> Exercise brief:
The records follow. Give them all back exactly.

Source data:
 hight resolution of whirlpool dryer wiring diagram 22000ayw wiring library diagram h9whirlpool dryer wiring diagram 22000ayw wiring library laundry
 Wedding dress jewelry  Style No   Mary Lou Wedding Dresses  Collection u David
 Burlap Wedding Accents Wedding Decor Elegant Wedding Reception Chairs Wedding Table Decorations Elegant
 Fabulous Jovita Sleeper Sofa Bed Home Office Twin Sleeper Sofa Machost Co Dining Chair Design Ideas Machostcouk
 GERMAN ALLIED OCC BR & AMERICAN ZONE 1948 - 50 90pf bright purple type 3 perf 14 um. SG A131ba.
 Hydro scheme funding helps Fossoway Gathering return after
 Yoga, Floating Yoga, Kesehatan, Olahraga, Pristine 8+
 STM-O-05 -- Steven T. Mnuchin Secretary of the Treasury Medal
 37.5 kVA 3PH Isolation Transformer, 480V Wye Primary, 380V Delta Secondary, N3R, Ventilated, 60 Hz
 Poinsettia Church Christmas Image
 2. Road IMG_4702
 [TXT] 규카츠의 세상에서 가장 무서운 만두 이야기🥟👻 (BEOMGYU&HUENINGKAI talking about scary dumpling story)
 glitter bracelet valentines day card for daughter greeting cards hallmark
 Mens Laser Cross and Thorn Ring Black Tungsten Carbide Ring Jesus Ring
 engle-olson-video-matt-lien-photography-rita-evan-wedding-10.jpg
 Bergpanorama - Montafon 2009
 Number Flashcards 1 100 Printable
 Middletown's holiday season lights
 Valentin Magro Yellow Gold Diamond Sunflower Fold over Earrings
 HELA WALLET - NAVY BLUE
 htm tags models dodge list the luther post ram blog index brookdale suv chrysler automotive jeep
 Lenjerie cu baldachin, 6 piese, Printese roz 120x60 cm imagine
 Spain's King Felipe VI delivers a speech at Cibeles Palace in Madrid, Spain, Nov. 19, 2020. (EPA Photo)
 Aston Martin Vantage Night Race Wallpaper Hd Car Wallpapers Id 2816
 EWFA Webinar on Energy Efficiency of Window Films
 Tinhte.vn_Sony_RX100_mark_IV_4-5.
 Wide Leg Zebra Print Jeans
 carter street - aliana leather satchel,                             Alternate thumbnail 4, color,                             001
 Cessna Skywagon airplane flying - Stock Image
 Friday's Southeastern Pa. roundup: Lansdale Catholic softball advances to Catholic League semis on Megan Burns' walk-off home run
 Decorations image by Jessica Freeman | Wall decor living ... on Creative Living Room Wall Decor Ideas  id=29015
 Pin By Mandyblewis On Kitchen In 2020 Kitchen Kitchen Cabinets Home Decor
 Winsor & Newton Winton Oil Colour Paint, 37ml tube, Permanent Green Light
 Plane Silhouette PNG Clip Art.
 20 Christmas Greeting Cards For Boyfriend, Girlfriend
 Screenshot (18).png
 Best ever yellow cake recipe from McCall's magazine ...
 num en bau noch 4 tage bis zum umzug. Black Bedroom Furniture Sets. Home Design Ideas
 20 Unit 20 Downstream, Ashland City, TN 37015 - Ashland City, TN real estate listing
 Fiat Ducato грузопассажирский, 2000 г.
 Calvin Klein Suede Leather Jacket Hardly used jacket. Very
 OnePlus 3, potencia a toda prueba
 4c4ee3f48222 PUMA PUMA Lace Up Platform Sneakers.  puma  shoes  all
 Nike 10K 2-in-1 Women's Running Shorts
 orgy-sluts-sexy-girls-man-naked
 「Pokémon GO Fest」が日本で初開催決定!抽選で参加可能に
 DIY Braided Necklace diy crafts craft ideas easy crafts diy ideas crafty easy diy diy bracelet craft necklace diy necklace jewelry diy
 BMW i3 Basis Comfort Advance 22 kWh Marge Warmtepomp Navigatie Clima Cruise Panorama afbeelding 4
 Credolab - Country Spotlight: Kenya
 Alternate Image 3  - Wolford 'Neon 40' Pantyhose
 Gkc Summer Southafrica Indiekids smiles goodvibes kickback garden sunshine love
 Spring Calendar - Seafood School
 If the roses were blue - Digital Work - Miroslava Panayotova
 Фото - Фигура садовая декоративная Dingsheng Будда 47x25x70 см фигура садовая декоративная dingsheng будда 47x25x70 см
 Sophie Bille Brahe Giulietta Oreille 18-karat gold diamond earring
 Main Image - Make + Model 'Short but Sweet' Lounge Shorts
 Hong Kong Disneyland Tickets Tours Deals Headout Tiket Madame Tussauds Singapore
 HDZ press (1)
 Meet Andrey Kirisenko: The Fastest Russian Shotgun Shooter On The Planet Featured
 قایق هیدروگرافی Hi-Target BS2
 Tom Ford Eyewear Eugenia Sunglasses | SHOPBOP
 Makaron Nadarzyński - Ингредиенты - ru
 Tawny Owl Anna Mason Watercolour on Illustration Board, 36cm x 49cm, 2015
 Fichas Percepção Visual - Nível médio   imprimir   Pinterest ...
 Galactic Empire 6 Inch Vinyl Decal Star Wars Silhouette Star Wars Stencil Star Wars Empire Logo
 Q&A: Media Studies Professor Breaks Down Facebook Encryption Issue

> Task response:
 hight resolution of whirlpool dryer wiring diagram 22000ayw wiring library diagram h9whirlpool dryer wiring diagram 22000ayw wiring library laundry
 Wedding dress jewelry  Style No   Mary Lou Wedding Dresses  Collection u David
 Burlap Wedding Accents Wedding Decor Elegant Wedding Reception Chairs Wedding Table Decorations Elegant
 Fabulous Jovita Sleeper Sofa Bed Home Office Twin Sleeper Sofa Machost Co Dining Chair Design Ideas Machostcouk
 GERMAN ALLIED OCC BR & AMERICAN ZONE 1948 - 50 90pf bright purple type 3 perf 14 um. SG A131ba.
 Hydro scheme funding helps Fossoway Gathering return after
 Yoga, Floating Yoga, Kesehatan, Olahraga, Pristine 8+
 STM-O-05 -- Steven T. Mnuchin Secretary of the Treasury Medal
 37.5 kVA 3PH Isolation Transformer, 480V Wye Primary, 380V Delta Secondary, N3R, Ventilated, 60 Hz
 Poinsettia Church Christmas Image
 2. Road IMG_4702
 [TXT] 규카츠의 세상에서 가장 무서운 만두 이야기🥟👻 (BEOMGYU&HUENINGKAI talking about scary dumpling story)
 glitter bracelet valentines day card for daughter greeting cards hallmark
 Mens Laser Cross and Thorn Ring Black Tungsten Carbide Ring Jesus Ring
 engle-olson-video-matt-lien-photography-rita-evan-wedding-10.jpg
 Bergpanorama - Montafon 2009
 Number Flashcards 1 100 Printable
 Middletown's holiday season lights
 Valentin Magro Yellow Gold Diamond Sunflower Fold over Earrings
 HELA WALLET - NAVY BLUE
 htm tags models dodge list the luther post ram blog index brookdale suv chrysler automotive jeep
 Lenjerie cu baldachin, 6 piese, Printese roz 120x60 cm imagine
 Spain's King Felipe VI delivers a speech at Cibeles Palace in Madrid, Spain, Nov. 19, 2020. (EPA Photo)
 Aston Martin Vantage Night Race Wallpaper Hd Car Wallpapers Id 2816
 EWFA Webinar on Energy Efficiency of Window Films
 Tinhte.vn_Sony_RX100_mark_IV_4-5.
 Wide Leg Zebra Print Jeans
 carter street - aliana leather satchel,                             Alternate thumbnail 4, color,                             001
 Cessna Skywagon airplane flying - Stock Image
 Friday's Southeastern Pa. roundup: Lansdale Catholic softball advances to Catholic League semis on Megan Burns' walk-off home run
 Decorations image by Jessica Freeman | Wall decor living ... on Creative Living Room Wall Decor Ideas  id=29015
 Pin By Mandyblewis On Kitchen In 2020 Kitchen Kitchen Cabinets Home Decor
 Winsor & Newton Winton Oil Colour Paint, 37ml tube, Permanent Green Light
 Plane Silhouette PNG Clip Art.
 20 Christmas Greeting Cards For Boyfriend, Girlfriend
 Screenshot (18).png
 Best ever yellow cake recipe from McCall's magazine ...
 num en bau noch 4 tage bis zum umzug. Black Bedroom Furniture Sets. Home Design Ideas
 20 Unit 20 Downstream, Ashland City, TN 37015 - Ashland City, TN real estate listing
 Fiat Ducato грузопассажирский, 2000 г.
 Calvin Klein Suede Leather Jacket Hardly used jacket. Very
 OnePlus 3, potencia a toda prueba
 4c4ee3f48222 PUMA PUMA Lace Up Platform Sneakers.  puma  shoes  all
 Nike 10K 2-in-1 Women's Running Shorts
 orgy-sluts-sexy-girls-man-naked
 「Pokémon GO Fest」が日本で初開催決定!抽選で参加可能に
 DIY Braided Necklace diy crafts craft ideas easy crafts diy ideas crafty easy diy diy bracelet craft necklace diy necklace jewelry diy
 BMW i3 Basis Comfort Advance 22 kWh Marge Warmtepomp Navigatie Clima Cruise Panorama afbeelding 4
 Credolab - Country Spotlight: Kenya
 Alternate Image 3  - Wolford 'Neon 40' Pantyhose
 Gkc Summer Southafrica Indiekids smiles goodvibes kickback garden sunshine love
 Spring Calendar - Seafood School
 If the roses were blue - Digital Work - Miroslava Panayotova
 Фото - Фигура садовая декоративная Dingsheng Будда 47x25x70 см фигура садовая декоративная dingsheng будда 47x25x70 см
 Sophie Bille Brahe Giulietta Oreille 18-karat gold diamond earring
 Main Image - Make + Model 'Short but Sweet' Lounge Shorts
 Hong Kong Disneyland Tickets Tours Deals Headout Tiket Madame Tussauds Singapore
 HDZ press (1)
 Meet Andrey Kirisenko: The Fastest Russian Shotgun Shooter On The Planet Featured
 قایق هیدروگرافی Hi-Target BS2
 Tom Ford Eyewear Eugenia Sunglasses | SHOPBOP
 Makaron Nadarzyński - Ингредиенты - ru
 Tawny Owl Anna Mason Watercolour on Illustration Board, 36cm x 49cm, 2015
 Fichas Percepção Visual - Nível médio   imprimir   Pinterest ...
 Galactic Empire 6 Inch Vinyl Decal Star Wars Silhouette Star Wars Stencil Star Wars Empire Logo
 Q&A: Media Studies Professor Breaks Down Facebook Encryption Issue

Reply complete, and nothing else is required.